Bessent says he doesn’t know if Trump has spoken with China’s Xi


Treasury Secretary Scott Bessent defended President Donald Trump’s negotiating strategy on trade deals but said he didn’t know whether Trump was speaking directly with Chinese President Xi Jinping.

“I don’t know if President Trump has spoken with President Xi. I know they have a very good relationship and a lot of respect for each other, but again, I think that the Chinese will see that this high tariff level is unsustainable for their business model,” Bessent told ABC News’ “This Week” co-anchor Martha Raddatz.

Bessent also offered a time frame of “months” to hammer out a trade deal with China, but suggested “good behavior” from other countries engaged in negotiations could keep the tariffs from remaining high.

“A trade deal can take months, but an agreement in principle and, the good behavior and staying within the parameter of the deal by our trading partners can keep the tariffs from ratcheting back to the maximum level.”

Here are more highlights from Bessent’s interview:

Bessent on Trump’s negotiation style

Raddatz: And President Trump’s strategy really has been to announce these tariffs, and dial some back, pause them, make exceptions. Explain why you see this as a good negotiating strategy.

Bessent: Well, in game theory it’s called “strategic uncertainty.” So you’re not going to tell the person on the other side of the negotiation where you’re going to end up. And nobody’s better at creating this leverage than President Trump. You know, he’s shown these — the high tariffs, and here’s the stick. This is where the tariffs can go. And the carrot is “Come to us, take off your tariffs, take off your non-tariff trade barriers, stop manipulating your currency, stop subsidizing labor and capital and then we can talk.”
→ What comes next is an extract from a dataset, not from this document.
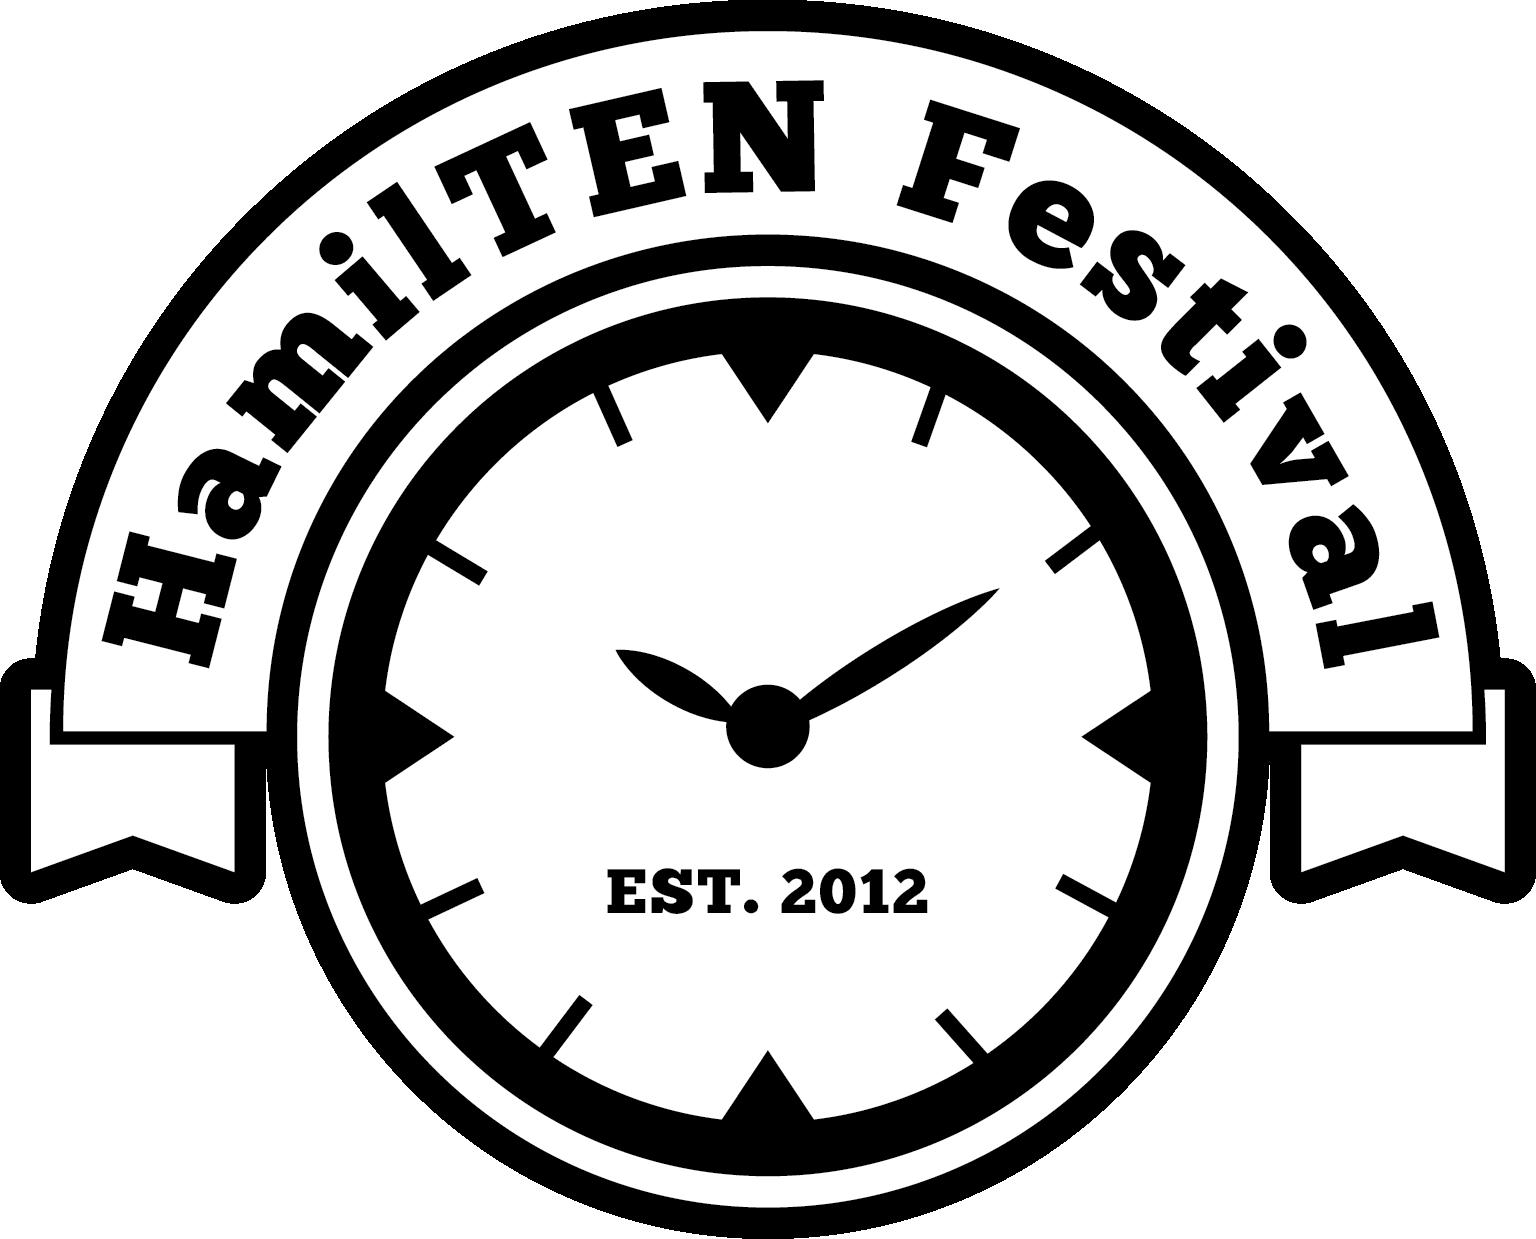 HamilTEN Theatre Festival

On how long negotiations with China, other countries will take

Raddatz: According to Bloomberg, you said a comprehensive deal between the U.S. and China could happen in two to three years. Trump said a deal will come quickly. You’ve heard him say that. You said, obviously, it was going to be a slog. So how long do you think?

Bessent: Well, look, I think that there is a path here. So the first path will be, again, a deescalation, which I think the Chinese are going to have to have. Then I think there can be an agreement in principle, these 17 or 18 important trade deals that we’re negotiating, the actual papering of the trade deal. A trade deal can take months, but an agreement in principle and the good behavior and staying within the parameter of the deal by our trading partners can keep the tariffs there from ratcheting back to the maximum level, sure.

On investors’ confidence in the U.S. economy

Raddatz: And it’s very rare, I think it happened a couple times in the ’70s, for the dollars, stocks and bonds to get hit as hard as they simultaneously did over the last few weeks. If the goal is to get countries to stand with us against China, does it worry you at all that investors seem to be losing confidence in the U.S.?

Bessent: Well, again, you’re saying losing confidence. And the — I don’t think that this is necessarily losing confidence. And anything — I’ve been in the markets for 35, 40 years. Anything that happens over a two-week, one-month window can be either statistical noise or market noise. And they — you know, we’re in this for the long term. And the important thing is that we are setting the fundamentals for a strong dollar, a strong economy, a strong stock market, and for investors to know that they — that the U.S. government bond market is the safest and soundest in the world.